After having seen some good double-DIN LCD screen radios with Apply CarPlay lately, I think I want to add one to this truck. There are aftermarket front dash covers made for a Double-DIN install (above left) and with a big LCD screen mimicking my phone screen I will have more things to distract me while driving.

Would like to add a rear camera, for reversing (and possibly hooking up to a trailer - more on that later). I did buy a traffic camera that I have been using, but it needs to be integrated / wired a little more cleanly.


Lots of little things need to be fixed on this truck, but nothing major. Cruise control stopped working a long time ago, so we need to chase that down. And of course we still have that hotted up 5.7L LS motor sitting here. And the long tube headers and exhaust from the original #TruckNorris.

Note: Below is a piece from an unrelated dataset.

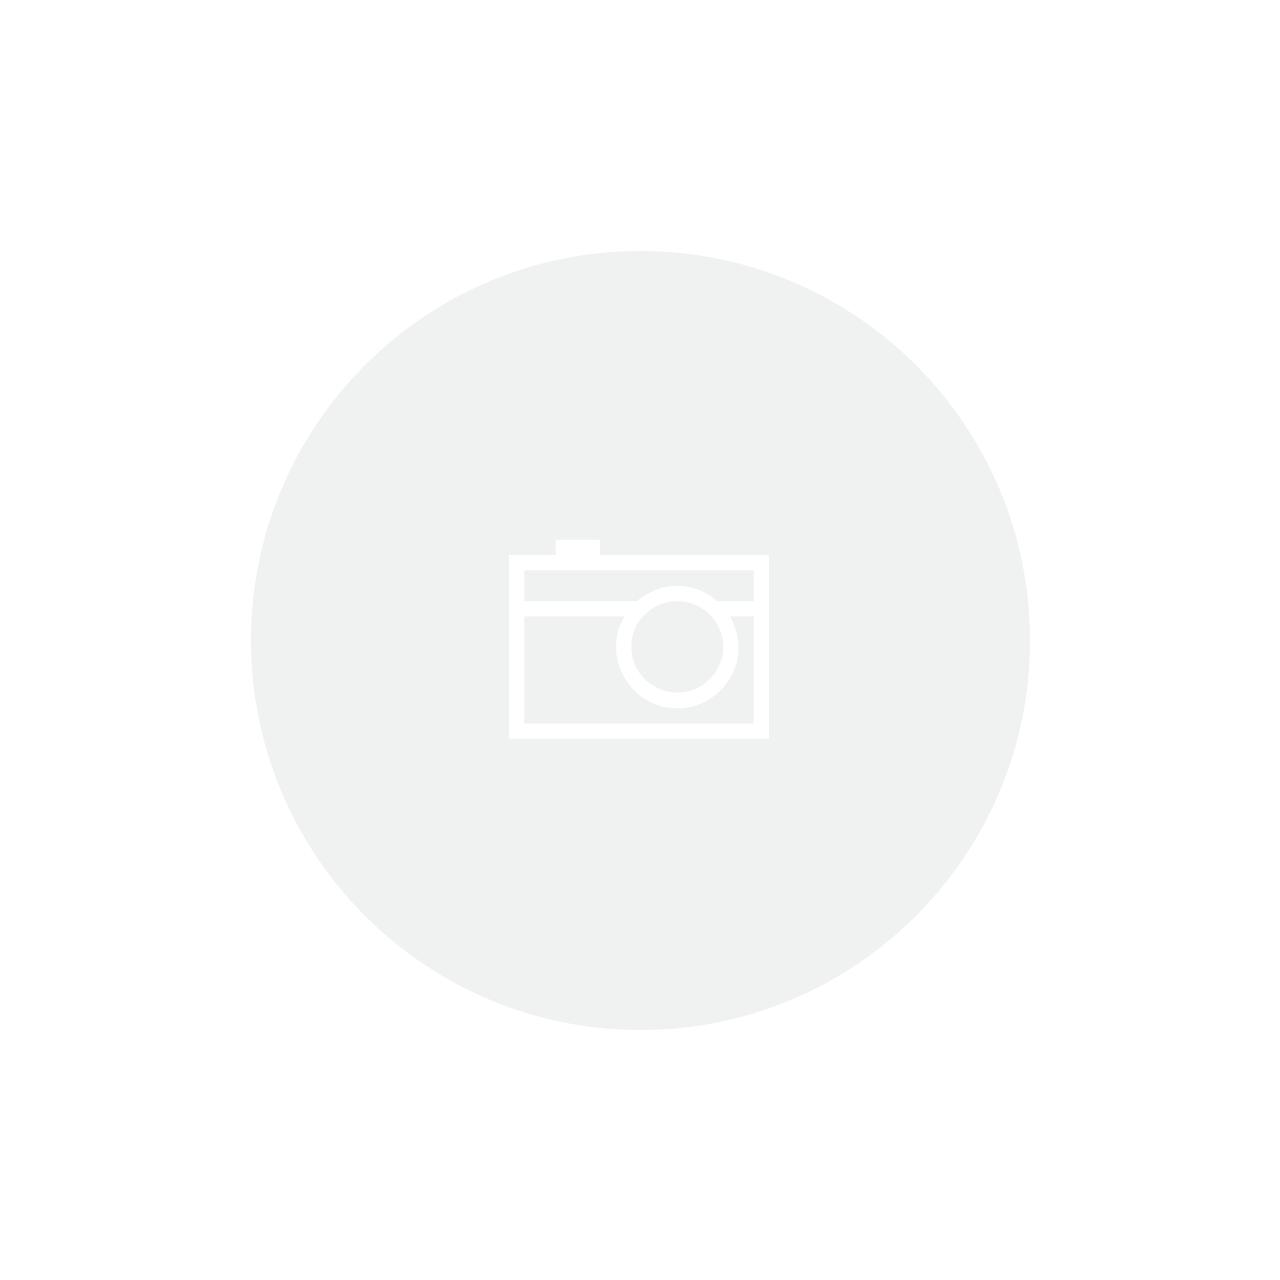 92d70df35 Kit Espumante Tevere Moscatel - 6 unidades

I've got the old GMC parked at the edge of the shop's parking area on new property, off in the corner next to a Miata. This way I can keep it and the GMC can become a good "parts truck" to keep this 2000 Silverado on the road.

The old 4L60E transmission in this Silverado is starting to get tired at 228K miles. The same unit in the 1999 GMC was even worse right before the accident. So I need to decide if I want to rebuild one of these two units and swap it in with the 5.7L LS motor? Or maybe upgrade to the newer 6L80 6 speed auto? There are some plug-and-play harnesses for making the modern, stronger 6 speed auto work in this GMT800 chassis. It would require a modified driveshaft as well, maybe more. I am researching this work.

The suspension in this truck is starting to get a bit clunky. Just a bunch of worn out ball joints, bushings, shocks and the rest. And the brakes... bought new rotors to and we plan to swap over to the "big OEM bits" from TruckNorris, just need to actually do that. And the tires on this thing are old and dry rotted. Lots to do.

That's all for this time. Nothing earth shattering, just normal maintenance stuff and some plans.